15 Das Revisionsmodell des Art. 133 Abs. 4 B‑VG wurde zwar nach dem Muster der §§ 500 ff ZPO gestaltet, damit muss aber nicht die Übereinstimmung der beiden Verfahrensregime in jedem Detail einhergehen. Im Übrigen hat auch der Oberste Gerichtshof bereits in seiner Entscheidung vom 24. November 2015, 1Ob 127/15f, mit ausführlicher Begründung ausgesprochen, dass sich der Gesetzgeber bei Einführung der Revision gegen Erkenntnisse der Verwaltungsgerichte mit der Verwaltungsgerichtsbarkeits-Novelle 2012 zwar am Modell der ZPO orientierte, daraus aber nicht abgeleitet werden könne, dass durch die Erhebung einer außerordentlichen Revision gegen ein Erkenntnis des Verwaltungsgerichts dessen Rechtskraft hinausgeschoben werden sollte (VwGH 28.7.2021, Ra 2021/05/0080).

16 Gemäß § 30 Abs. 1 erster Satz VwGG hat die Revision an den Verwaltungsgerichtshof keine aufschiebende Wirkung, das bekämpfte Erkenntnis des Verwaltungsgerichts ist somit trotz Erhebung einer Revision vollstreckbar.

17 Anders als die Einbringung der Rechtsmittel in den im Wiedereinsetzungsantrag genannten weiteren Verfahren hindert daher die Erhebung der Revision an den Verwaltungsgerichtshof die Rechtskraft des Erkenntnisses des Verwaltungsgerichts oder dessen Vollstreckbarkeit nicht.

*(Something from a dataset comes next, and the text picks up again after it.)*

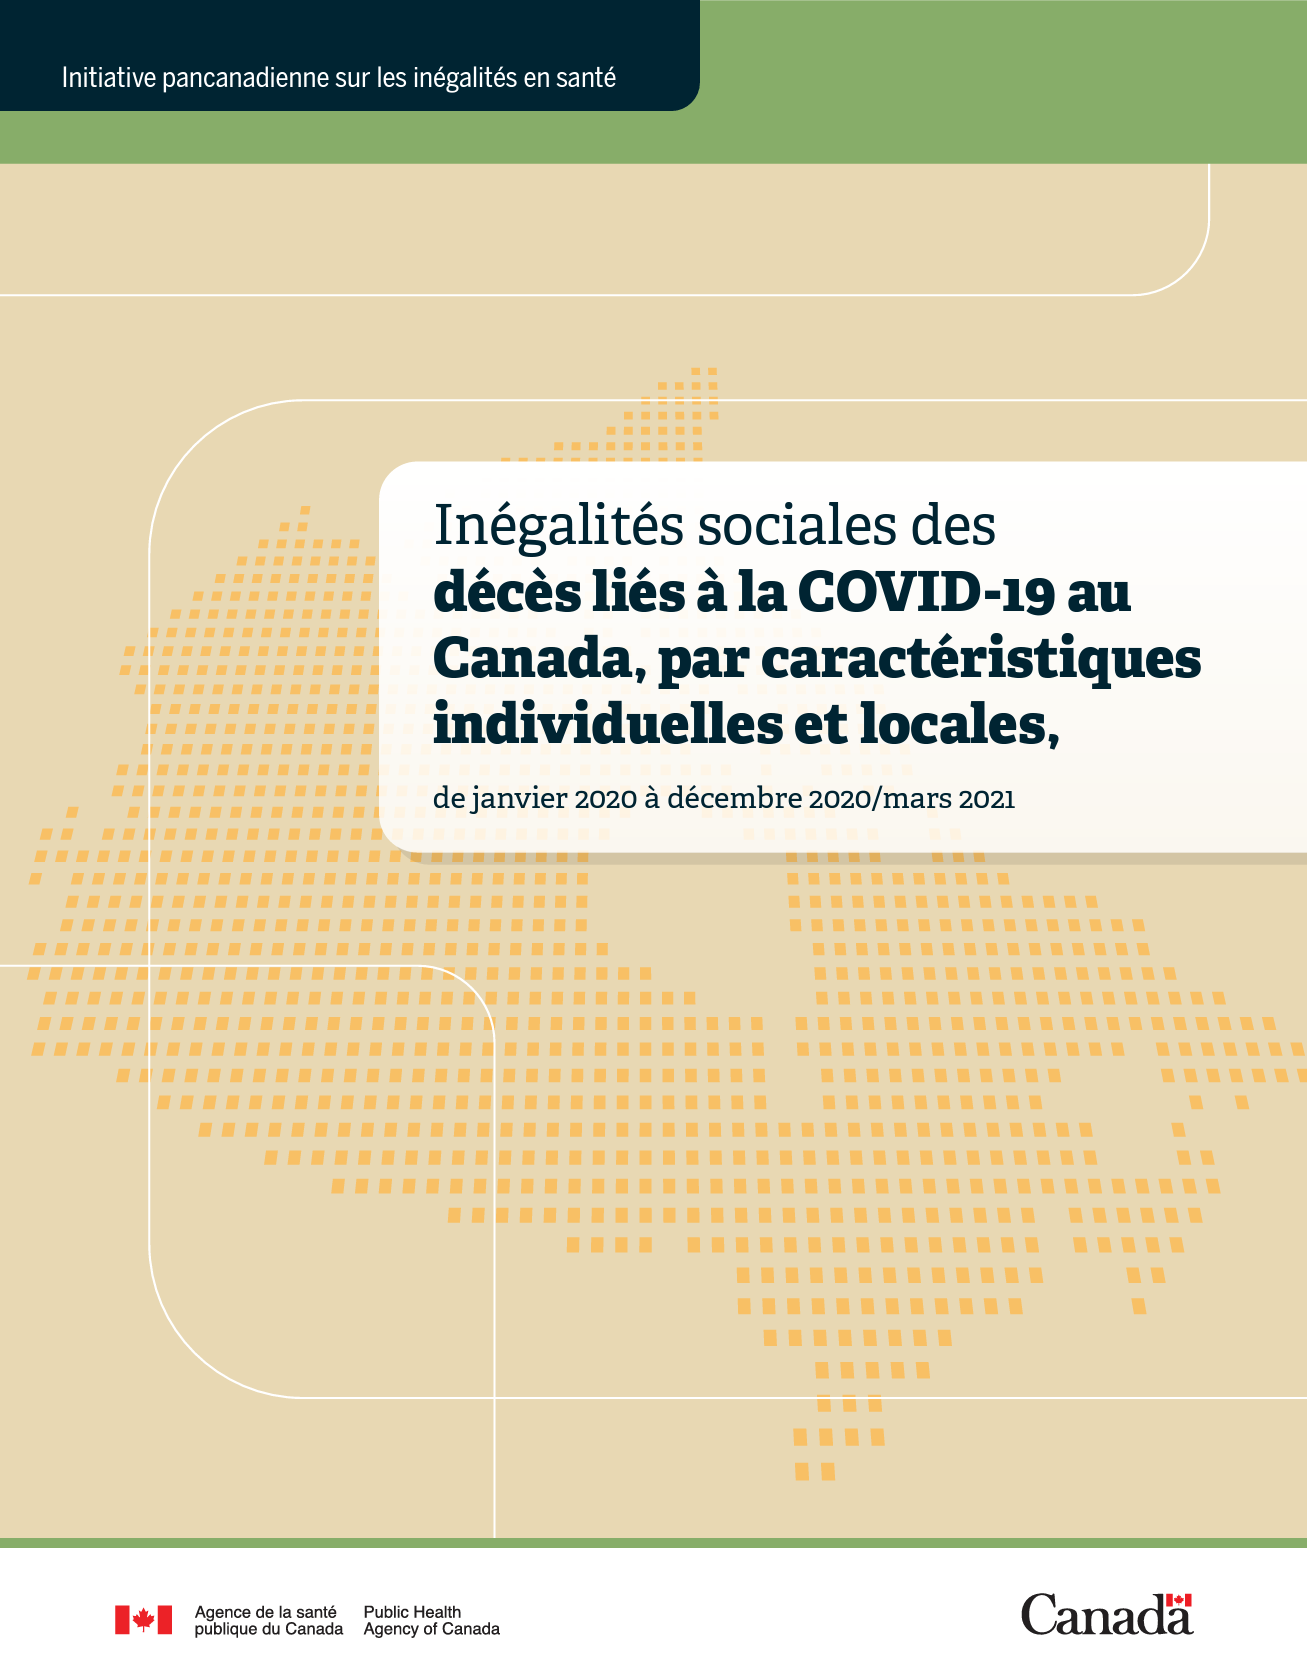 Inégalités sociales des décès liés à la COVID-19 au Canada, par caractéristiques individuelles et locales, de janvier 2020 à décembre 2020/mars 2021

18 Im Sinne obiger Ausführungen ergaben sich im Zeitpunkt der Erhebung der vorliegenden Revision sohin hinreichende Anhaltspunkte dafür, dass die Revision einen verfahrenseinleitenden Antrag im Sinne des § 2 Abs. 1 Z 1 iVm. § 6 Abs. 2 COVID‑19‑VwBG 2020 bildet, sodass die Revisionsfrist lediglich gehemmt wurde, auch wenn in nach Revisionserhebung erschienener Literatur oder in Rechtsmittelbelehrungen von Verwaltungsgerichten teilweise eine andere Rechtsmeinung vertreten wurde. Ausgehend von dieser Sach‑ und Rechtslage bildet es allerdings ein den minderen Grad des Versehens übersteigendes Verschulden, wenn ein rechtskundiger Parteienvertreter bei fehlender Rechtsprechung des Verwaltungsgerichtshofes zur Frage, ob die Revisionsfrist unterbrochen oder nur gehemmt ist, die Revisionsfrist nicht derart berechnete, dass in beiden Fällen eine rechtzeitige Erhebung der Revision erfolgte (vgl. den bereits zitierten Beschluss vom 25. August 2021).

19 Dem Vorbringen im Wiedereinsetzungsantrag ist auch nicht zu entnehmen, dass auf Grund der herrschenden Covid‑Pandemie eine entsprechend frühere Erhebung der Revision nicht möglich gewesen wäre.

20 Der Wiedereinsetzungsantrag war daher gemäß § 46 Abs. 1 und Abs. 4 VwGG abzuweisen und die Revision gemäß § 34 Abs. 1 VwGG wegen Versäumung der Einbringungsfrist zurückzuweisen.